Typically, only victorious players from the home team are allowed to skate out for the three stars these days, which is probably why the ceremony is often little more than a self-congratulatory in-house propaganda pandering to the home fans.
But on Sunday, Pettersson, who scored twice, had six shots on net and is one of the best and most exciting young players in the NHL, was shut out of the three stars by a monopoly of Carolina players who were collectively outshot 35-32 in a 4-3 game they won in a shootout. Apparently, Warren Foegele was better than Pettersson.
We know it’s Carolina. But seriously, why bother?

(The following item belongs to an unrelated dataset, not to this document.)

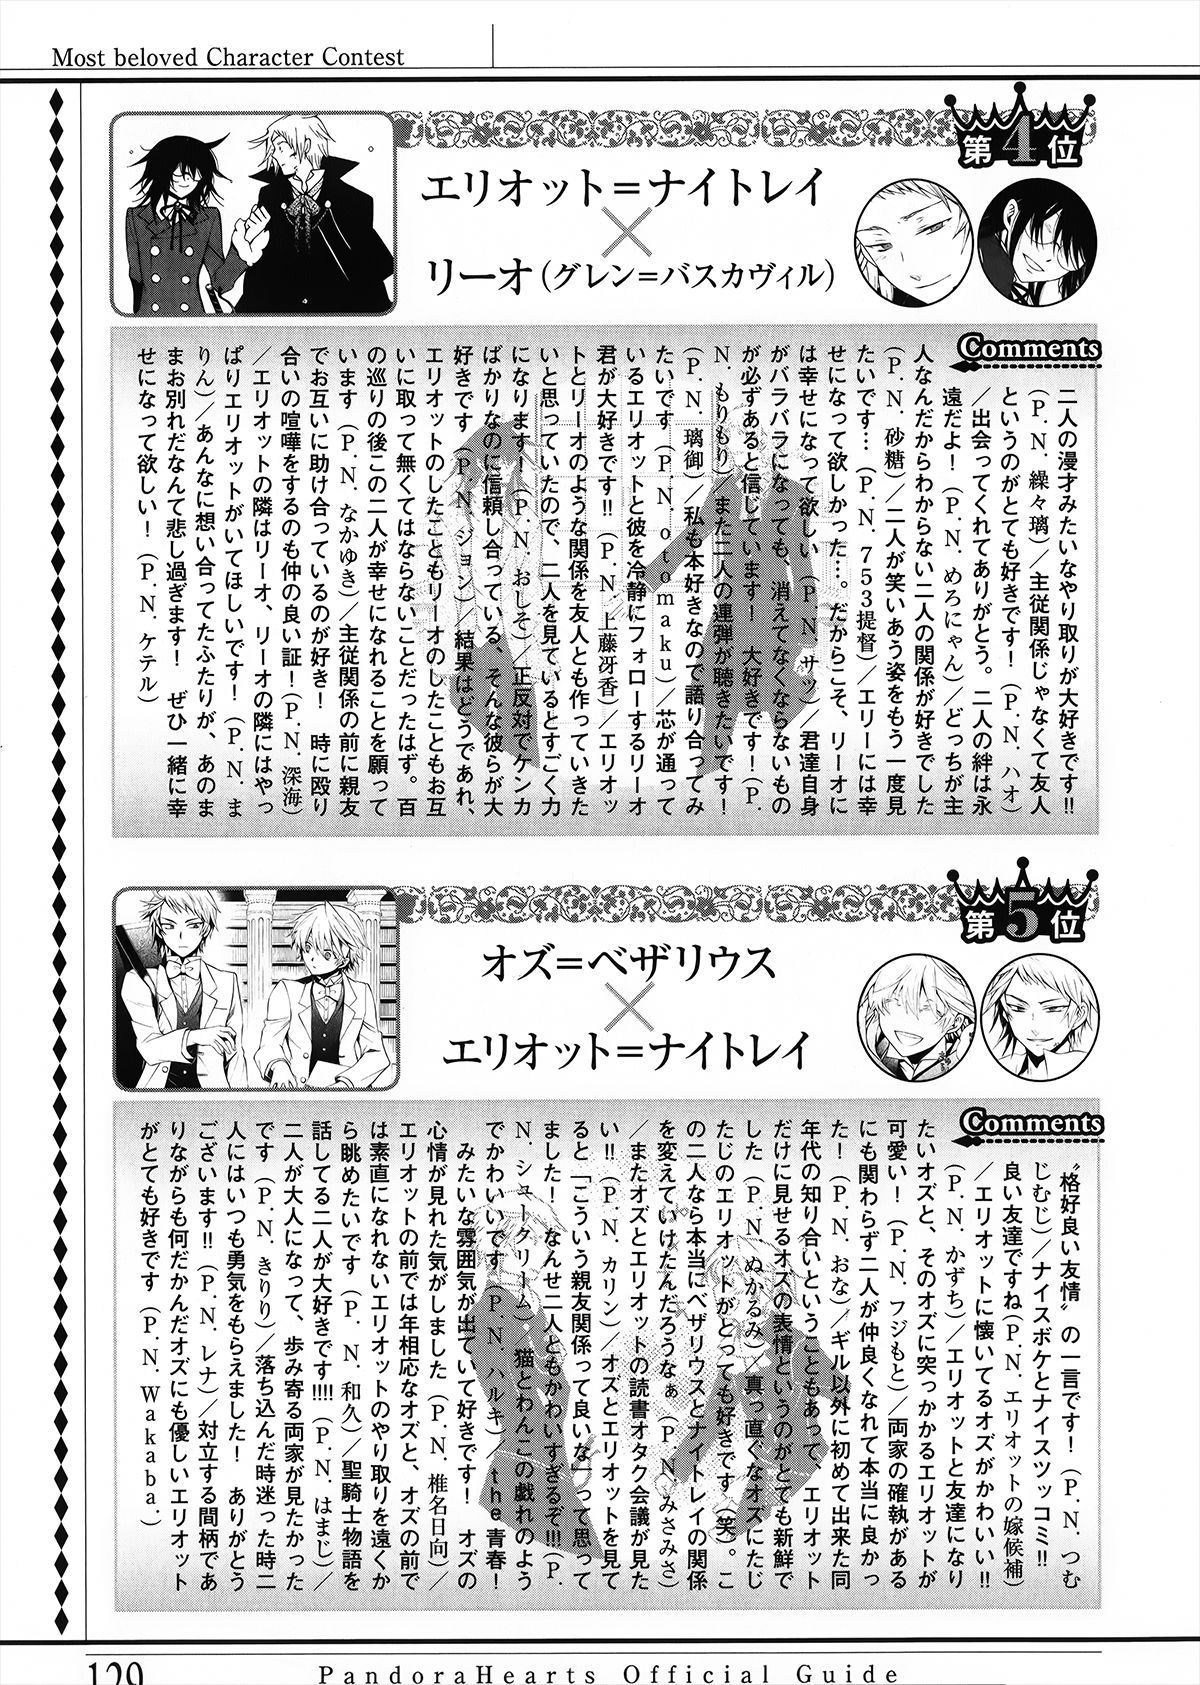 Pandora Hearts Guidebook 24+1: Last Dance パンドラハーツ オフィシャルガイド 24 + 1 ~Last Dance! 133

PP ONLY MATTERS WHEN IT MATTERS
Since the Canucks beat the Chicago Blackhawks on Jan. 2, Vancouver’s power play is 4-for-41 and has fallen out of the NHL’s top-five. This market correction hasn’t hurt too much because the Canucks have continued to score goals at even-strength and win games. But the Canucks were 0-for-4 in Carolina and a goal on any of those advantages would have given them two points instead of one.
All power plays go in cycles. But a month-long slump is more than just a couple of cold games or hot goaltenders. One strength of power play coach Newell Brown is his collaborative approach. His most-talented players get input into how the power play operates, and a lot of leeway on the ice. But clearly, it’s not working right now.
There shouldn’t be enough GIFs in the world to convince anyone that a reporter knows more about hockey instruction than the coaches who devote their lives to it and whose livelihoods depend on it. But as usually happens when it struggles, the Canuck power play looks overly complicated and overly cramped inside the blueline.
The best penalty-killers in the world struggled for a decade to stop the Sedins’ break-in when all it consisted of was Henrik giving the puck to Daniel at the blueline on the left wing boards, and Daniel immediately skating the puck deeper into the zone to create options in front and space behind him. The Canucks aren’t moving to create space.
Squeezed between penalty-killers at the blueline, Miller, Pettersson and Hughes overpassed the puck out of the phone booth and into a second-period breakaway for Sebastian Aho.
Move the puck, move your feet. That’s our input. Plus that three-stars thingy.